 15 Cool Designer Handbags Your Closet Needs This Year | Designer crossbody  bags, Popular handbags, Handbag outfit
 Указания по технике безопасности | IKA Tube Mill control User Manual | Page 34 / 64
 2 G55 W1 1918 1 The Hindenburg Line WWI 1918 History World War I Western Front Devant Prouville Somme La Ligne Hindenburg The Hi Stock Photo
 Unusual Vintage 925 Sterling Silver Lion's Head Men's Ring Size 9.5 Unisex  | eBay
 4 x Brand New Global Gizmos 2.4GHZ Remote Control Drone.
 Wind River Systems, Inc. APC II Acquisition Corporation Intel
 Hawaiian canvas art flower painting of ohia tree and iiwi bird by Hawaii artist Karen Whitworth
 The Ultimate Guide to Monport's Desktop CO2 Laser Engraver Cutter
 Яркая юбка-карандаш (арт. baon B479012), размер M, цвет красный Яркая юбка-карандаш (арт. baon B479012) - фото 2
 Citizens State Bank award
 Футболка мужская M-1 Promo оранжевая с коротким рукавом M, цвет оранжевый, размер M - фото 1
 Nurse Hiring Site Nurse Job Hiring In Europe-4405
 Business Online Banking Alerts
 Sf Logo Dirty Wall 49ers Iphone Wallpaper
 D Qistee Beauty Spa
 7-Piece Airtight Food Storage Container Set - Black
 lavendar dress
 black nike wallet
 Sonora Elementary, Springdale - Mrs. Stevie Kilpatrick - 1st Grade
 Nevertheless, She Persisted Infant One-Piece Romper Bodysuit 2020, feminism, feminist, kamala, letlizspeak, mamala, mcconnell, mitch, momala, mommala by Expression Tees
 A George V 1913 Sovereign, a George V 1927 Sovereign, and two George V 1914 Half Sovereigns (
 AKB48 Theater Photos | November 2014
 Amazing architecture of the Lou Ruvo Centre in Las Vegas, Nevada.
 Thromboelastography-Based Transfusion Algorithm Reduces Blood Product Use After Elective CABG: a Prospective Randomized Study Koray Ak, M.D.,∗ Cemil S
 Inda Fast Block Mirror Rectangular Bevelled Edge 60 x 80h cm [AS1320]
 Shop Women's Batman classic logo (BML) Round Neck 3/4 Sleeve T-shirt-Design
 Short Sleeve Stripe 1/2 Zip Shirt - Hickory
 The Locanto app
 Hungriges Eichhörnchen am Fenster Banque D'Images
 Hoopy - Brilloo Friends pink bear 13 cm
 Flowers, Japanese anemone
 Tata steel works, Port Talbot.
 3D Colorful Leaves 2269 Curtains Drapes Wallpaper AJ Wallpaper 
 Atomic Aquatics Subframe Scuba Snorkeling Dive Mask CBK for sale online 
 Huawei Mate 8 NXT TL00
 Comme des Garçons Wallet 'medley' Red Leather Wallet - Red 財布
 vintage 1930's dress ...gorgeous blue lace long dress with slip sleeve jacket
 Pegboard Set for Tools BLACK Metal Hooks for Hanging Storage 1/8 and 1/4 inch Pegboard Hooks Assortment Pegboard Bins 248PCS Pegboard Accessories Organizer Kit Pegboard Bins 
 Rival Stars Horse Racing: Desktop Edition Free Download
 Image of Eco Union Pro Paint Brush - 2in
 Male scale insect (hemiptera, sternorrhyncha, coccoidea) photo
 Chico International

§ **WHAT THIS TASK INVOLVES**: The task calls for all lines in the entries that hold "Piece".

§ **SOLVED EXERCISE**:
 7-Piece Airtight Food Storage Container Set - Black
 Nevertheless, She Persisted Infant One-Piece Romper Bodysuit 2020, feminism, feminist, kamala, letlizspeak, mamala, mcconnell, mitch, momala, mommala by Expression Tees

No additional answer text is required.